Armani SpA contended that the claims in the Shandong Proceedings against all of the Shandong Defendants, and not just Armani SpA, fell within the arbitration agreement in the MA. Elan contended that the only contracting parties to the MA were Armani SpA (not its affiliates) and Elan.

The Court found that there was a strongly arguable case that Armani SpA and Elan had executed the MA on behalf of their affiliates and that they had express or implied authority to do so. Alternatively, Elan had to accept that the affiliates were parties to the MA because they had consented to Armani SpA’s application to have them joined into the Court proceedings as such. The Court applied the Fiona Trust approach and held that there was a very good argument that any dispute arising out of the MA where one of the parties is an affiliate of Armani SpA is covered by the arbitration clause.

Elan contended that the tort claims in the Shandong Proceedings did not fall within the arbitration clause in the MA. The Court rejected this relying on the “breadth of the wording of [the arbitration agreement]” and the connection of the torts complained of in the Shandong Proceedings to the MA. The Court held that, even if the affiliates were not parties to the MA, applying the Fiona Trust principles and the wording of the MA, there was a good argument that Elan’s claims in the Shandong Proceedings against Armani SpA and its affiliates are covered by the arbitration agreement.

Accordingly, the Court concluded that it would be just and convenient to order the continuation of the anti-suit injunction and that there was no good reason not to enforce the arbitration agreement.

The Court (Deputy Judge Field) was careful to note that, by making the above order he meant no disrespect to the Shandong Court. The order was directed against Elan and not the Shandong Court. The Court clarified that the order was being made because it was strongly arguable that Elan had commenced the Shandong Proceedings in breach of the MA which was governed by the laws of Hong Kong.

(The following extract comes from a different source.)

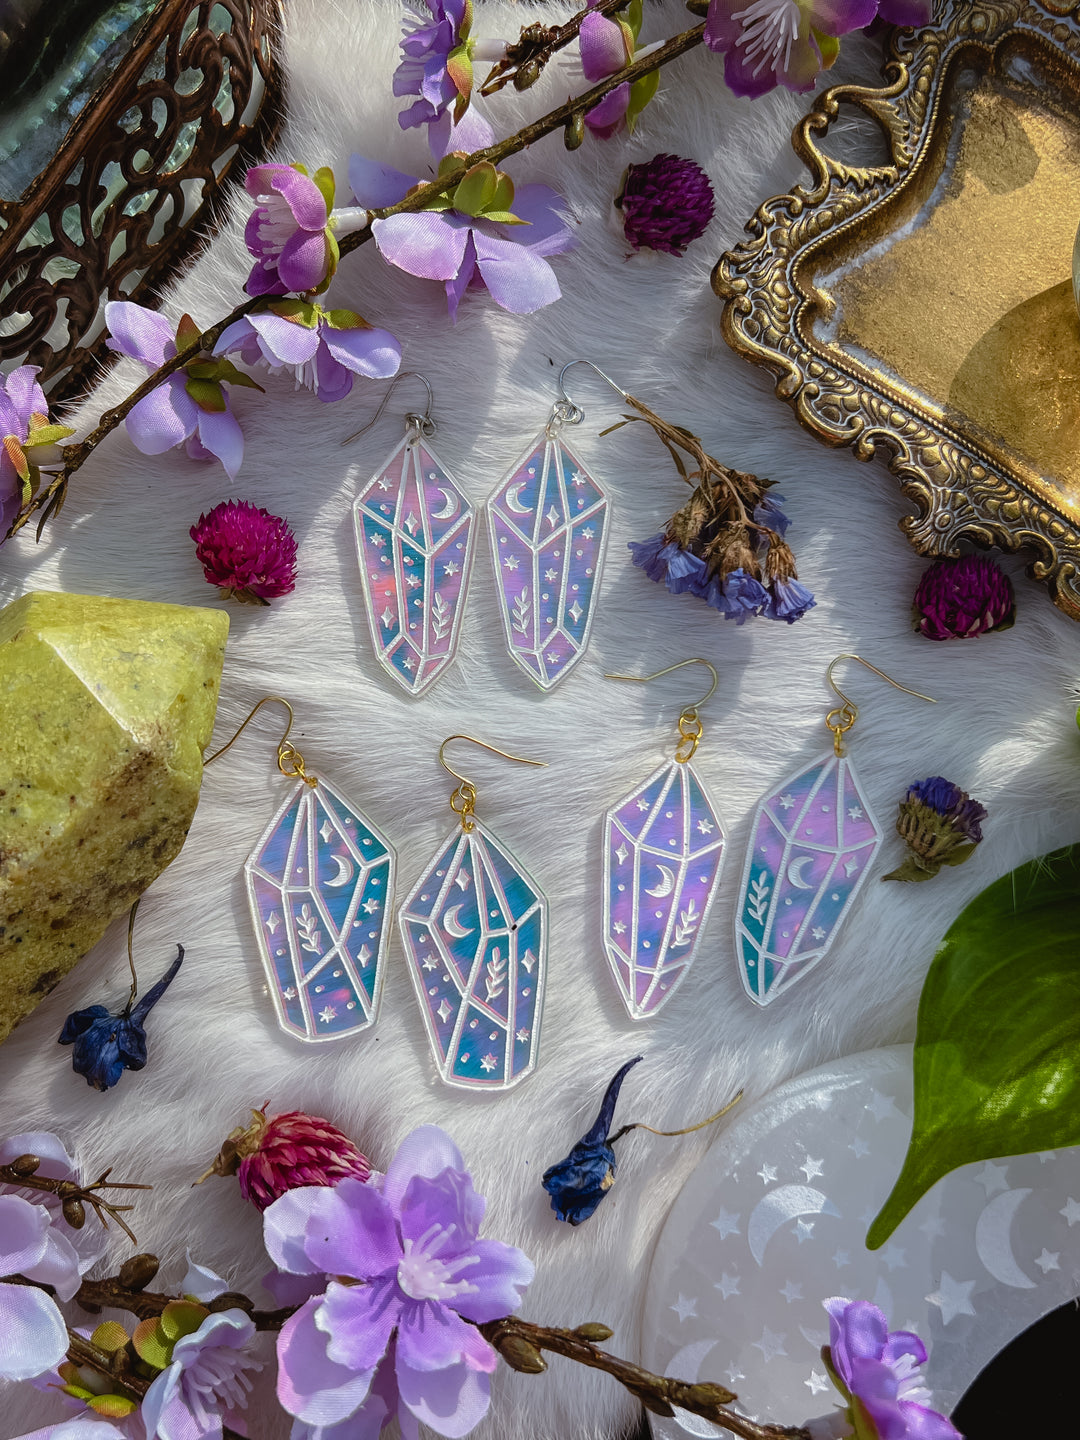 Iridescent Crystal Earrings

This judgment demonstrates the consistent pro-arbitration approach of the Hong Kong Courts. The Courts will generally not construe arbitration clauses narrowly and limit their application only to contractual claims. Nevertheless, parties should recognise that a well-drafted arbitration clause is crucial in any agreement in order to prevent the risk of parallel foreign proceedings. The Court would not decline an anti-suit injunction to restrain foreign proceeding if there is a clear language to the contrary in the agreement, provided the injunction is sought promptly and before the foreign proceedings are too far advanced. Parties would need to show very good reason not to enforce an arbitration clause, as the Court would not readily disregard the effect of one.